But if they played a moving scene well he cried like a child, and when they said an amusing line as he wanted it said he bellowed with laughter.
He would skip about the stage on one leg if he was pleased, and if he was angry would throw the script down and stamp on it while tears of rage ran down his cheeks.
The company laughed at him and abused him and did everything they could to please him.
He aroused a protective instinct in them, so that one and all they felt that they couldn’t let him down.
Though they said he drove them like slaves, and they never had a moment to themselves, flesh and blood couldn’t stand it, it gave them a sort of horrible satisfaction to comply with his outrageous demands.
When he wrung an old trooper’s hand, who was getting seven pounds a week, and said, by God, laddie, you’re stupendous, the old trooper felt like Charles Kean.
It happened that when Michael kept the appointment he had asked for, Jimmie Langton was in need of a leading juvenile.
He had guessed why Michael wanted to see him, and had gone the night before to see him play.
Michael was playing Mercutio and he had not thought him very good, but when he came into the office he was staggered by his beauty.
In a brown coat and grey flannel trousers, even without make-up, he was so handsome it took your breath away.

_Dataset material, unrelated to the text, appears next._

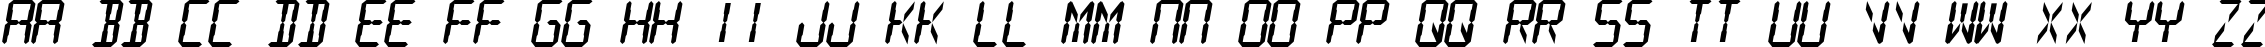 Пример написания английского алфавита шрифтом Digital Readout Thick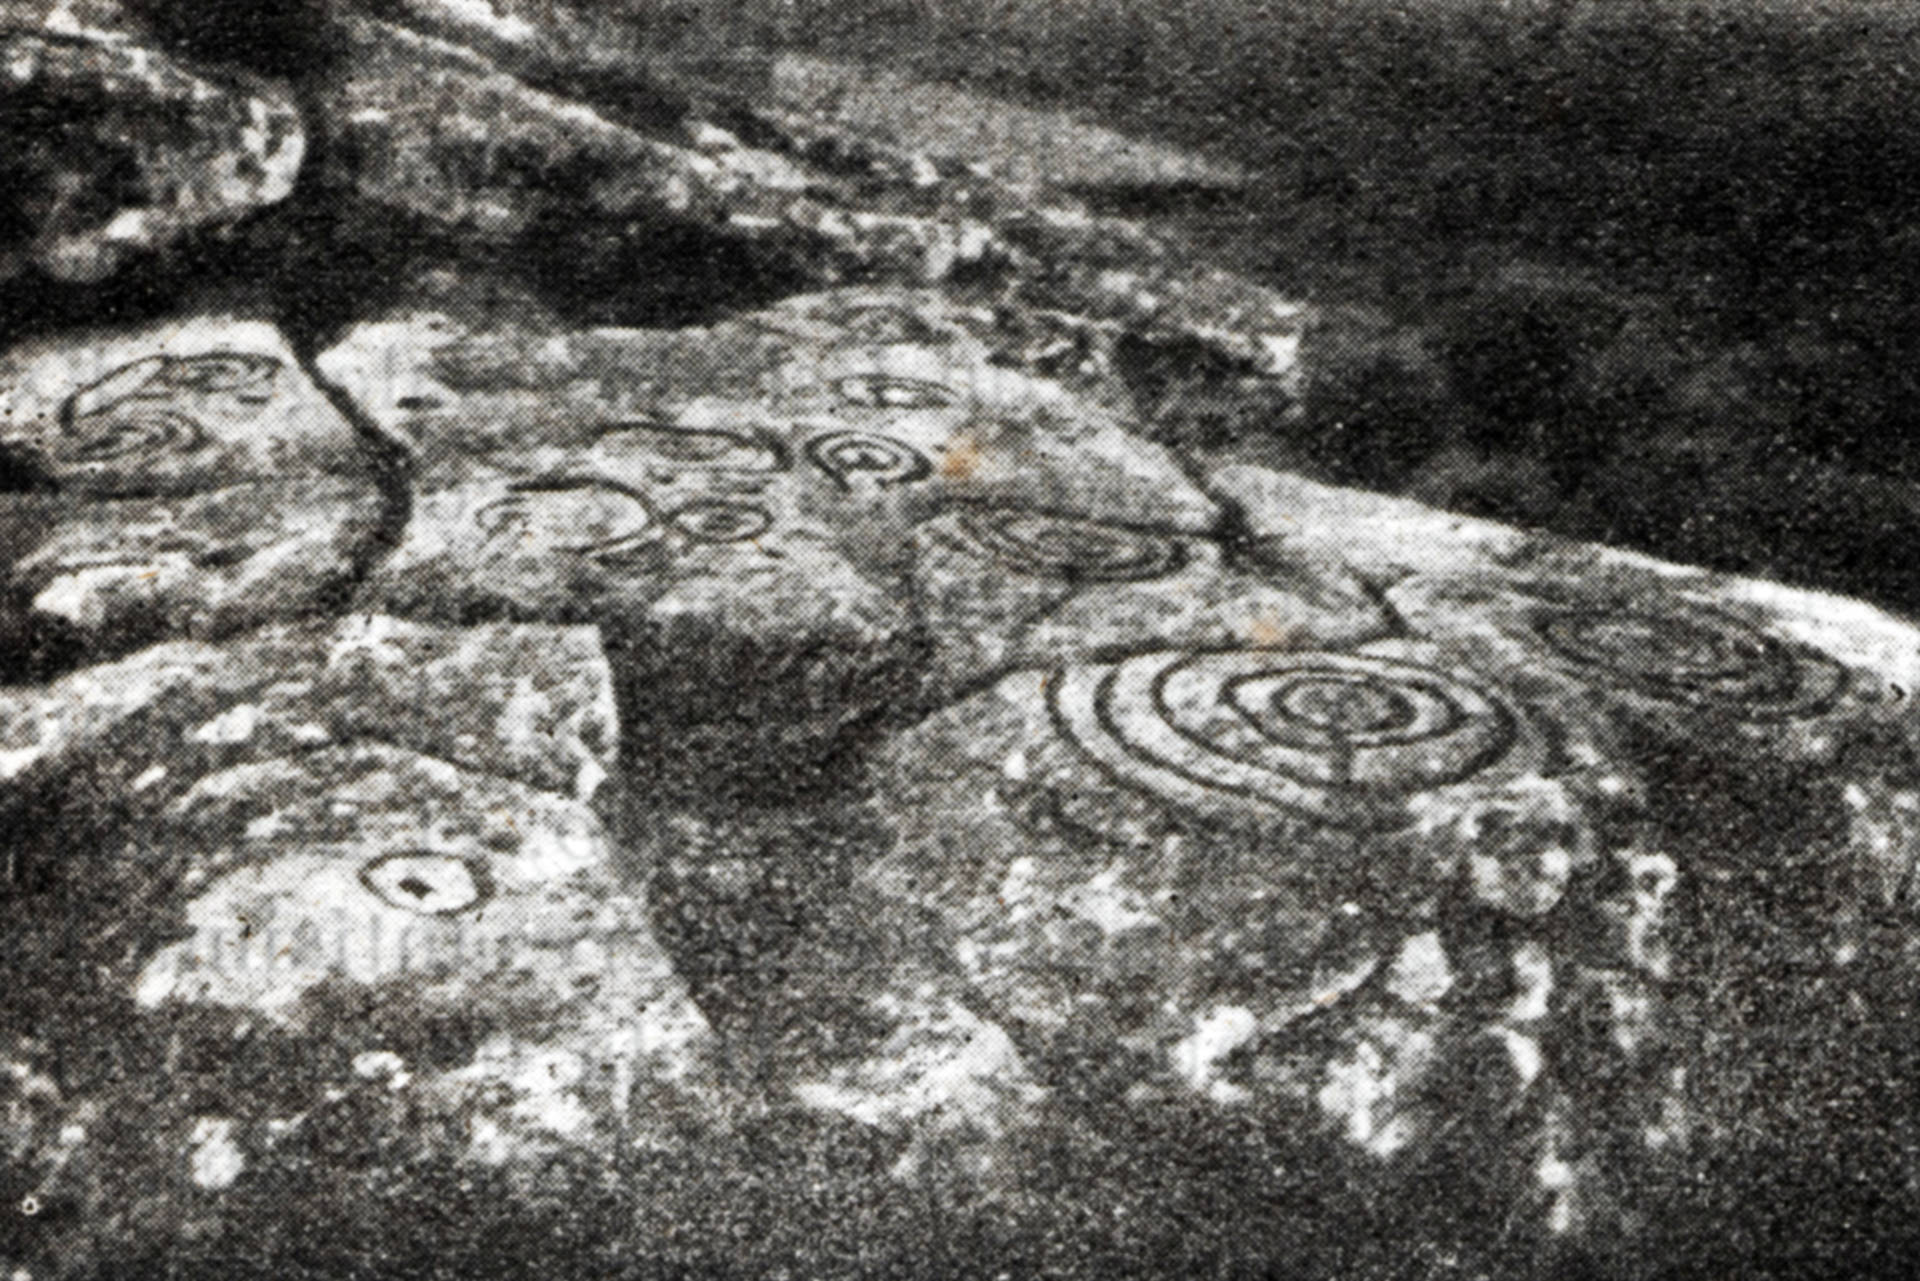 Petroglifo de Oca. Archivo Núñez – Sobrino. Fotografías de Ramón Sobrino Lorenzo - Ruza (1939-1958). Digitalización Colectivo A Rula.

He had an easy manner and he talked like a gentleman.
While Michael explained the purpose of his visit Jimmie Langton observed him shrewdly.
If he could act at all, with those looks that young man ought to go far.
‘I saw your Mercutio last night,’ he said.
‘What d’you think of it yourself?’
‘Rotten.’
‘So do I.
How old are you?’
‘Twenty-five.’
‘I suppose you’ve been told you’re good-looking?’
‘That’s why I went on the stage. Otherwise I’d have gone into the army like my father.’
‘By gum, if I had your looks what an actor I’d have been.’
The result of the interview was that Michael got an engagement.
He stayed at Middlepool for two years.
He soon grew popular with the company.
He was good-humoured and kindly; he would take any amount of trouble to do anyone a service.
His beauty created a sensation in Middlepool and the girls used to hang about the stage door to see him go out.
They wrote him love letters and sent him flowers.
He took it as a natural homage, but did not allow it to turn his head.
He was eager to get on and seemed determined not to let any entanglement interfere with his career.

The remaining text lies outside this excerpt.